= Task requirements =
Find the line that contains "Resident Evil Revelations". Output it and every line after it to the end of the records, exactly as they appear.

Items from a data source:
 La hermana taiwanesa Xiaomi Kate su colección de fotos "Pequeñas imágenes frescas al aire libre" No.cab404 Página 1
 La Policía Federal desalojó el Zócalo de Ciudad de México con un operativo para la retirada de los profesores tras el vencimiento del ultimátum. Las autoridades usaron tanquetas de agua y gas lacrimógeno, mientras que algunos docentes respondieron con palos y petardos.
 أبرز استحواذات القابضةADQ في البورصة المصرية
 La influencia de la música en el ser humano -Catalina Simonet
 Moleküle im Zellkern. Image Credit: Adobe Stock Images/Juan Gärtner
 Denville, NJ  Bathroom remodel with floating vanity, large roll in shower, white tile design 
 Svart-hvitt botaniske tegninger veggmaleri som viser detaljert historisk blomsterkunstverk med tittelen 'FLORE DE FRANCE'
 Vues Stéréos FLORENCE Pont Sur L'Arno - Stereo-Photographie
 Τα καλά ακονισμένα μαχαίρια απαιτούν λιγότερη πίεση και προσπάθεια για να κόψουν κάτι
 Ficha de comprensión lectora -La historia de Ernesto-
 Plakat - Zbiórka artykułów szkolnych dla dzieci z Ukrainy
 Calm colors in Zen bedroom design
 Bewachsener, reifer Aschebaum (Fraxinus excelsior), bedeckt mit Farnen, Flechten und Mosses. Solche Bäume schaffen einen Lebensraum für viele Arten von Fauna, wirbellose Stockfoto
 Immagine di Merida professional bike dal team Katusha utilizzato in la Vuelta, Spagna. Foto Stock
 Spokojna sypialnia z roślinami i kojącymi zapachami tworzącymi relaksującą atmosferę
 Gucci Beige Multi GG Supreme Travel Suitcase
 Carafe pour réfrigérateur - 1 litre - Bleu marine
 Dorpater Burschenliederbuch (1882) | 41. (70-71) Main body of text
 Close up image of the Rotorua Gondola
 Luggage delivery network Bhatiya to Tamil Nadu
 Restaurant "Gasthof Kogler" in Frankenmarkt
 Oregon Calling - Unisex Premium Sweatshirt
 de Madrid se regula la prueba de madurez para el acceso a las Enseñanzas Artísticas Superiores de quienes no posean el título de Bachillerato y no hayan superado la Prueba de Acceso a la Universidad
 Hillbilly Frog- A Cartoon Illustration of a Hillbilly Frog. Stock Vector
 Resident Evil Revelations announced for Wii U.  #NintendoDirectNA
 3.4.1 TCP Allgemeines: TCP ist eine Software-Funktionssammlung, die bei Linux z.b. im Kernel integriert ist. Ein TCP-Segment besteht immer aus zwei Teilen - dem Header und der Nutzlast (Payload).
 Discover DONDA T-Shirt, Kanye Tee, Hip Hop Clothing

= Output for this task =
 Resident Evil Revelations announced for Wii U.  #NintendoDirectNA
 3.4.1 TCP Allgemeines: TCP ist eine Software-Funktionssammlung, die bei Linux z.b. im Kernel integriert ist. Ein TCP-Segment besteht immer aus zwei Teilen - dem Header und der Nutzlast (Payload).
 Discover DONDA T-Shirt, Kanye Tee, Hip Hop Clothing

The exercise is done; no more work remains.